● **TRY IT**
Word for word, repeat all of the entries below.

Data entries
───

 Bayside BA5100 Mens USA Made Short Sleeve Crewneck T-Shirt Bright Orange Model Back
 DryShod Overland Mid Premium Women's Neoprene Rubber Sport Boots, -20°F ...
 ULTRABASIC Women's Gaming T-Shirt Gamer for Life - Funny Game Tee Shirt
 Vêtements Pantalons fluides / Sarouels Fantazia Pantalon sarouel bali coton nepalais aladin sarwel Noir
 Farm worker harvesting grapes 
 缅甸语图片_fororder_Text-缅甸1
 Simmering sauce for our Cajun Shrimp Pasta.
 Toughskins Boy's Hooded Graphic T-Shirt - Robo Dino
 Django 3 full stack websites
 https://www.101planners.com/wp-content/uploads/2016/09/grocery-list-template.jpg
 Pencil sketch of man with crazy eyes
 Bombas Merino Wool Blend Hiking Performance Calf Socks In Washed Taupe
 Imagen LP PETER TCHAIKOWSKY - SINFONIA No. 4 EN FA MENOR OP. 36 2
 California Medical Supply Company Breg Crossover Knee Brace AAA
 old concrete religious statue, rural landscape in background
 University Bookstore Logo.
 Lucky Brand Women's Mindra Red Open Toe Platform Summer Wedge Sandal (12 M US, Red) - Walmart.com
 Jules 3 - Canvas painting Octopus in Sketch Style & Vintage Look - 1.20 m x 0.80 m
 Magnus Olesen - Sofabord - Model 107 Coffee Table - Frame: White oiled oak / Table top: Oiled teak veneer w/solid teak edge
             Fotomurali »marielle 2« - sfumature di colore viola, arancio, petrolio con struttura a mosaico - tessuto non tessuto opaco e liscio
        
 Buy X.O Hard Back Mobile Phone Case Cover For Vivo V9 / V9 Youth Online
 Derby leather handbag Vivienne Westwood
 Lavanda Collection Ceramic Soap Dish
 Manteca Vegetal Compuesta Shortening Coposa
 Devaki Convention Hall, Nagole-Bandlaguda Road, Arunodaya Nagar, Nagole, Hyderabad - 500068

───

● **TASK SOLUTION**
 Bayside BA5100 Mens USA Made Short Sleeve Crewneck T-Shirt Bright Orange Model Back
 DryShod Overland Mid Premium Women's Neoprene Rubber Sport Boots, -20°F ...
 ULTRABASIC Women's Gaming T-Shirt Gamer for Life - Funny Game Tee Shirt
 Vêtements Pantalons fluides / Sarouels Fantazia Pantalon sarouel bali coton nepalais aladin sarwel Noir
 Farm worker harvesting grapes 
 缅甸语图片_fororder_Text-缅甸1
 Simmering sauce for our Cajun Shrimp Pasta.
 Toughskins Boy's Hooded Graphic T-Shirt - Robo Dino
 Django 3 full stack websites
 https://www.101planners.com/wp-content/uploads/2016/09/grocery-list-template.jpg
 Pencil sketch of man with crazy eyes
 Bombas Merino Wool Blend Hiking Performance Calf Socks In Washed Taupe
 Imagen LP PETER TCHAIKOWSKY - SINFONIA No. 4 EN FA MENOR OP. 36 2
 California Medical Supply Company Breg Crossover Knee Brace AAA
 old concrete religious statue, rural landscape in background
 University Bookstore Logo.
 Lucky Brand Women's Mindra Red Open Toe Platform Summer Wedge Sandal (12 M US, Red) - Walmart.com
 Jules 3 - Canvas painting Octopus in Sketch Style & Vintage Look - 1.20 m x 0.80 m
 Magnus Olesen - Sofabord - Model 107 Coffee Table - Frame: White oiled oak / Table top: Oiled teak veneer w/solid teak edge
             Fotomurali »marielle 2« - sfumature di colore viola, arancio, petrolio con struttura a mosaico - tessuto non tessuto opaco e liscio
        
 Buy X.O Hard Back Mobile Phone Case Cover For Vivo V9 / V9 Youth Online
 Derby leather handbag Vivienne Westwood
 Lavanda Collection Ceramic Soap Dish
 Manteca Vegetal Compuesta Shortening Coposa
 Devaki Convention Hall, Nagole-Bandlaguda Road, Arunodaya Nagar, Nagole, Hyderabad - 500068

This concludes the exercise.